GitHub user rhauch opened a pull request:
https://github.com/apache/kafka/pull/4319
[WIP] KAFKA-5142: Add Connect support for message headers (KIP-145)
*NEW PROPOSAL FOR KIP-145... DO NOT MERGE*
Changed the Connect API and runtime to support message headers as described
in KIP-145.
The new `Header` interface defines an immutable representation of a Kafka
header (key-value pair) with support for the Connect value types and schemas.
This interface provides methods for easily converting between many of the
built-in primitive, structured, and logical data types.
The new `Headers` interface defines an ordered collection of headers and is
used to track all headers associated with a `ConnectRecord` (and thus
`SourceRecord` and `SinkRecord`).
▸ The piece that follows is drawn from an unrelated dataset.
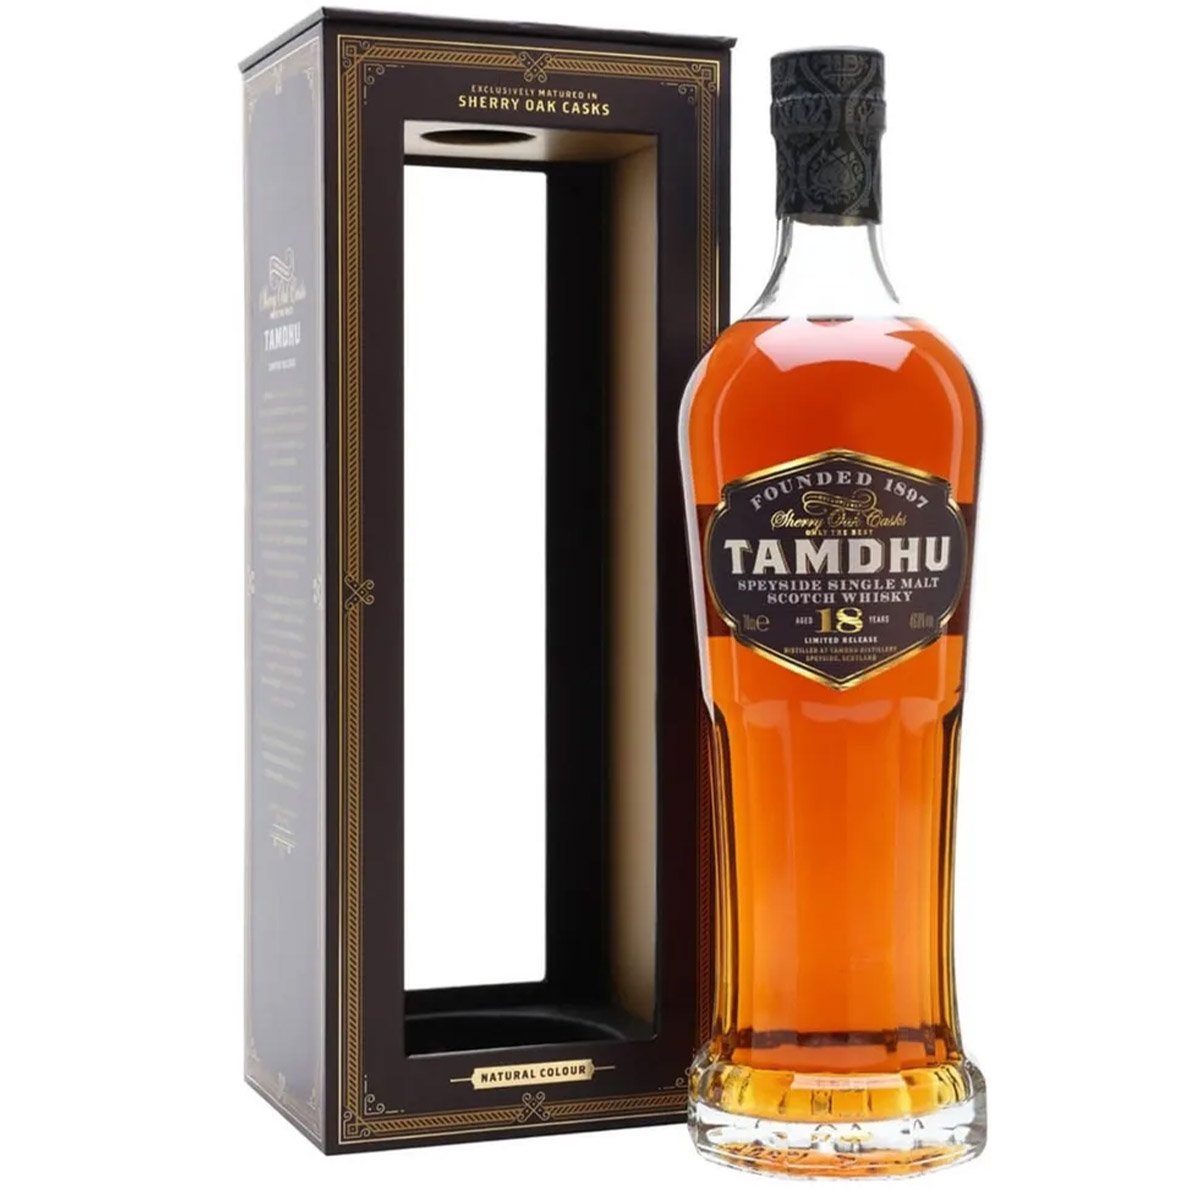 Віскі Tamdhu 18 yo Single Malt Scotch Whisky 46.8% 0.7 л у подарунковій упаковці - фото 1

This does allow multiple headers with the
same key. The `Headers` contains methods for adding, removing, finding, and
modifying headers. Convenience methods allow connectors and transforms to
easily use and modify the headers for a record.
A new `HeaderConverter` interface is also defined to enable the Connect
runtime framework to be able to serialize and deserialize headers between the
in-memory representation and Kafkaâs byte[] representation. A new
`SimpleHeaderConverter` implementation has been added, and this serializes to
strings and deserializes by inferring the schemas (`Struct` header values are
serialized without the schemas, so they can only be deserialized as `Map`
instances without a schema.) The `StringConverter`, `JsonConverter`, and
`ByteArrayConverter` have all been extended to also be `HeaderConverter`
implementations. Each connector can be configured with a different header
converter, although by default the `SimpleHeaderConverter` is used to serialize
header values as strings without schemas.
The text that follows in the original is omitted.